A promising experimental treatment presented at the ASCO conference, called 177Lu-PSMA-617, was in development at the US biopharmaceutical company Endocyte. Swiss pharmaceutical giant Novartis announced in October 2018 that it was buying the company for 1.7 billion euros (10 billion R$). Some previous research, such as a study of 30 patients in 2016 at the University Hospital Heidelberg (Germany), has already demonstrated the potential of this strategy.

Oncologist Teresa Alonso, of the Ramón y Cajal Hospital in Madrid, believes that the benefit of the treatment would “certainly be much greater” if it was given to patients in advance. “The concept is old, but now it’s going to be very popular,” says Alonso, scientific secretary of the Spanish Society of Medical Oncology (SEOM). The researcher notes that it is a similar strategy to the one used decades ago against thyroid cancer, in this case with iodine-123 for diagnosis and iodine-131 for treatment. In recent years, this technique has also been adopted against neuroendocrine tumors, with an annual incidence of less than 10 cases per 100,000 population. “Teragnosis is a very beautiful concept and it is a very powerful prostate cancer treatment,” the oncologist applauds. The researcher, however, keeps her feet on the ground: “This is not a cure for prostate cancer, of course.”

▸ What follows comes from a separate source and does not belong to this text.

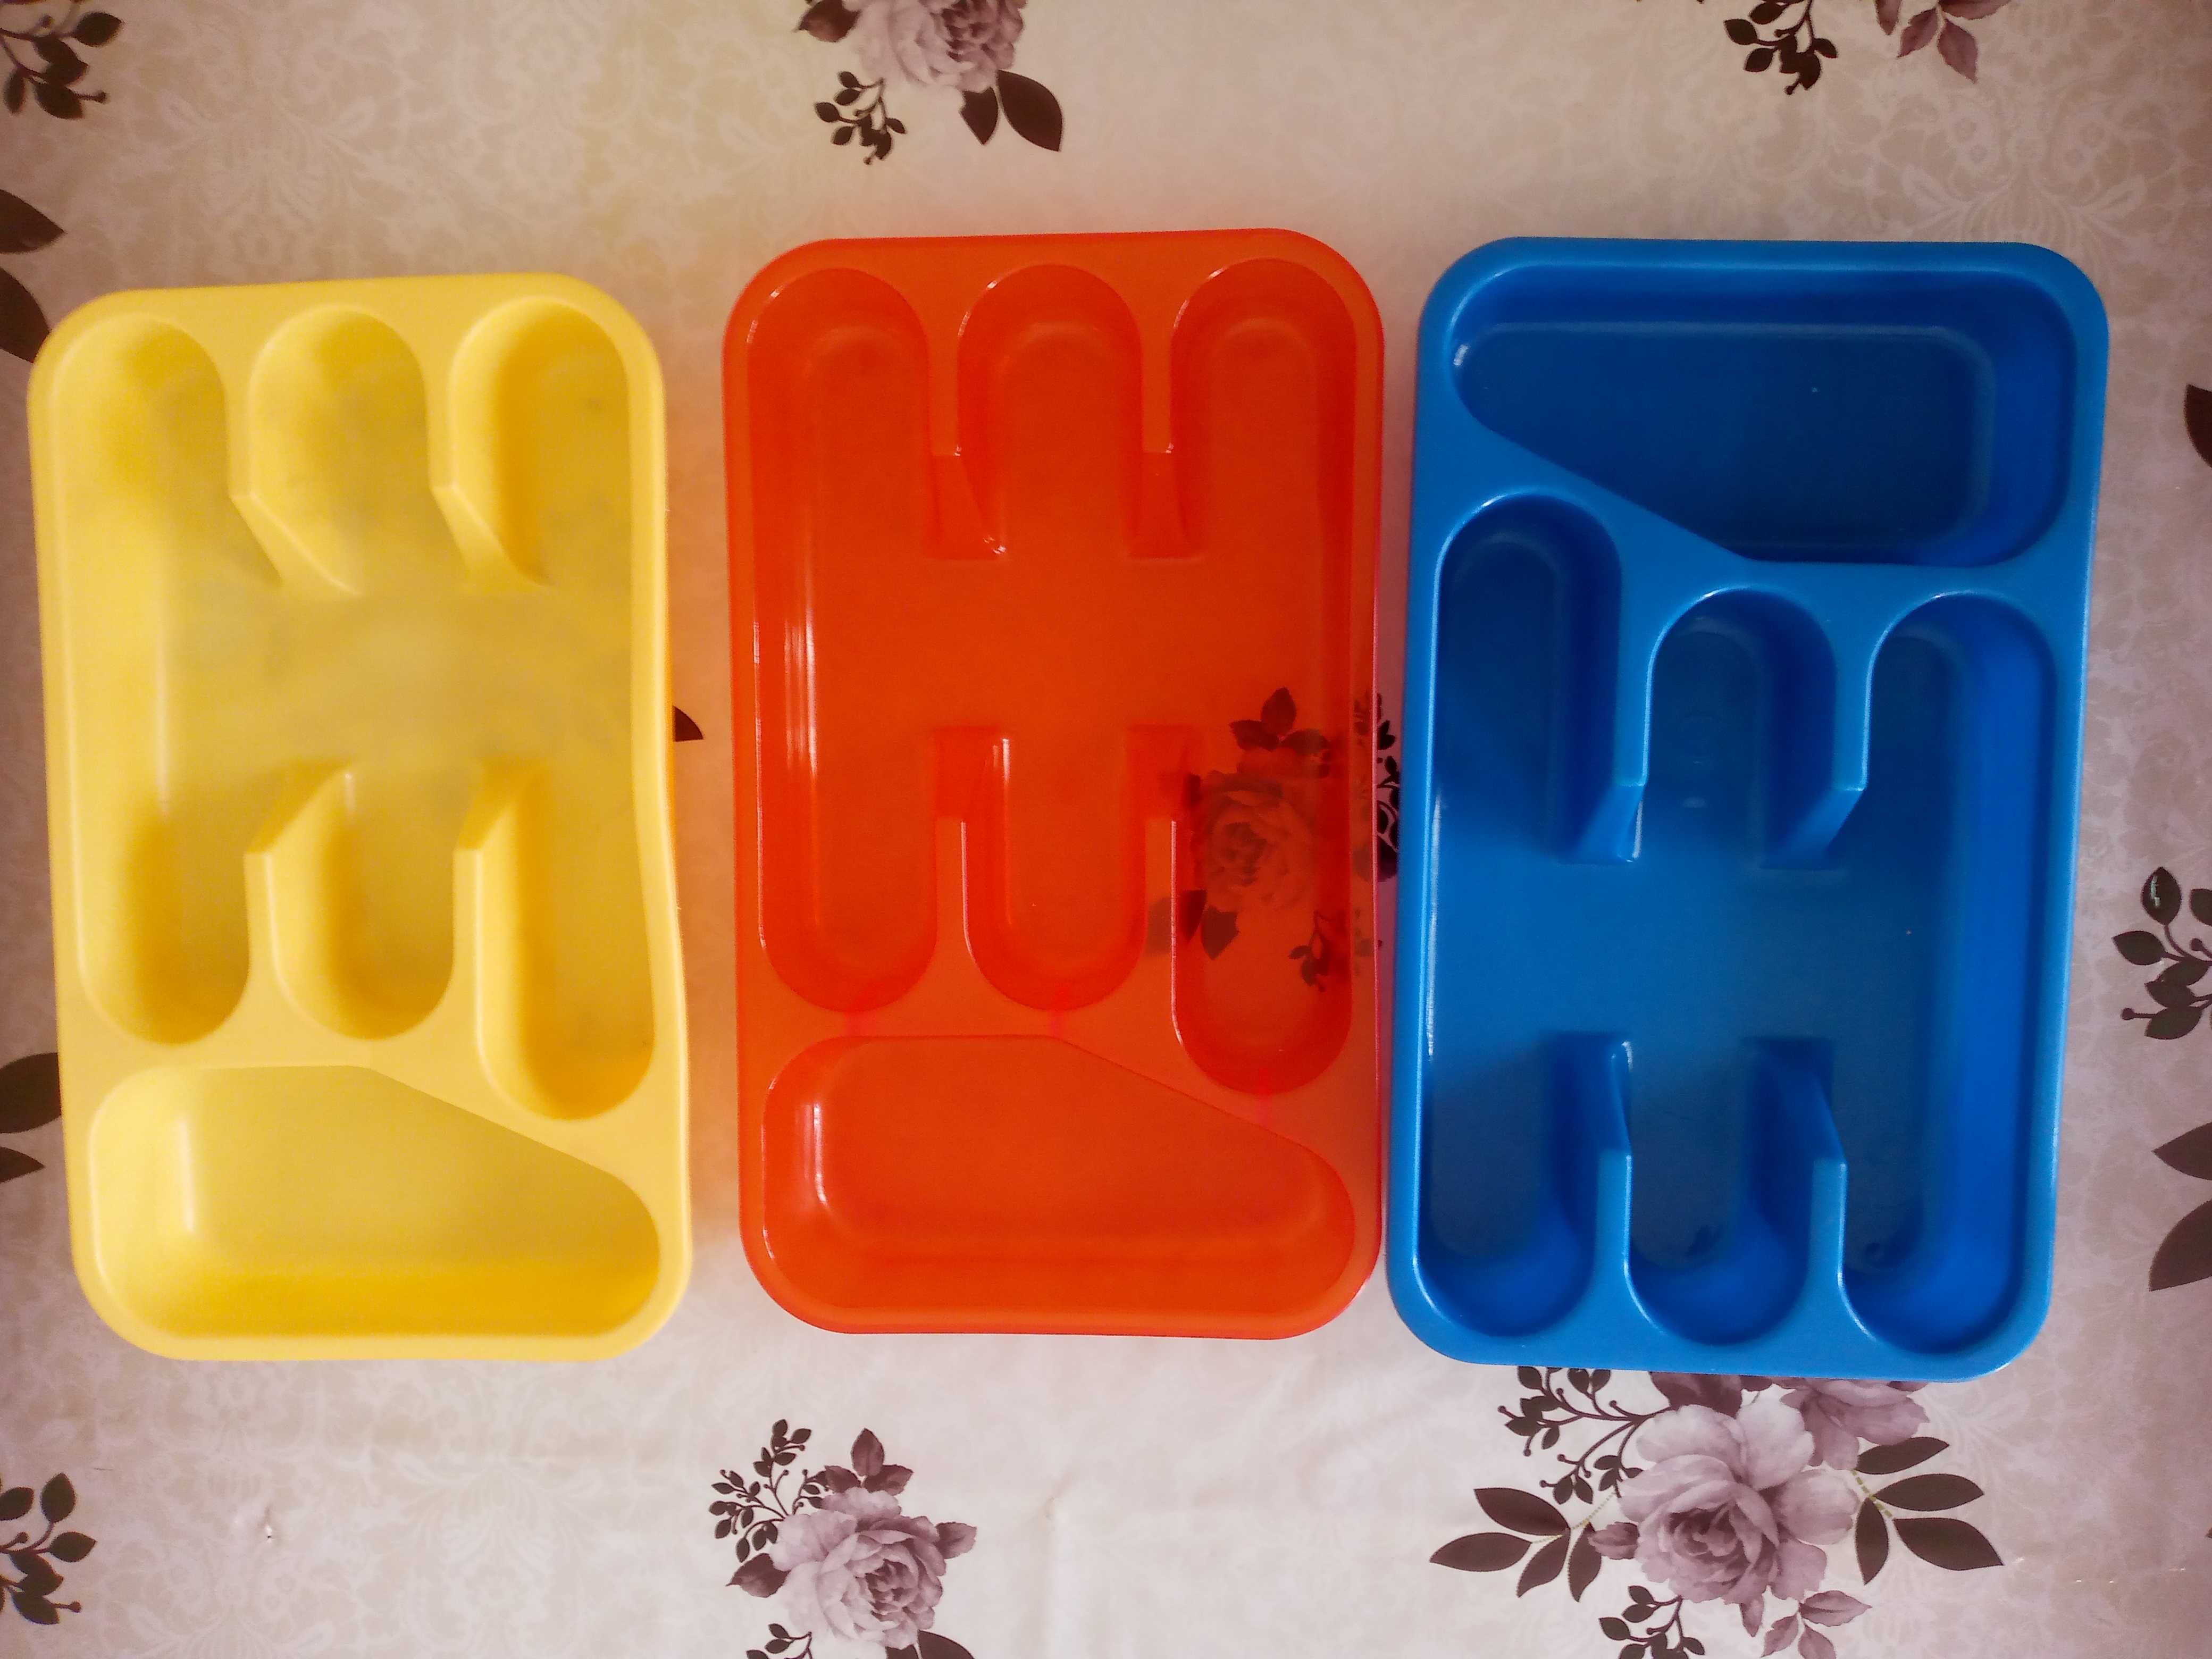 Пластиковый органайзер для кухни(см фото).Цена 10 тыс 1 шт

ASCO Conference President, North American Oncologist Laurie Pierce, celebrated the results of advanced prostate cancer treatment against prostate cancer. “The success of this treatment demonstrates the importance of researching alternatives to conventional cancer treatments,” Pierce said in a statement. Michael Morris, chief of prostate cancer at Sloan Kettering, directly suggested that authorities study the possibility of converting 177Lu-PSMA-617 into a new standard treatment for these patients.

Dr. Jose Luis Carreras laments the “slowness” of drug regulators when approving new treatments. One of the problems is the high price. Carreras calculates that treating a neuroendocrine tumor costs 65,000 euros (400,000 riyals) per patient. “It has a longer survival time than other alternatives and the price is competitive. He argues that it’s no more expensive than the chemotherapy it replaces.”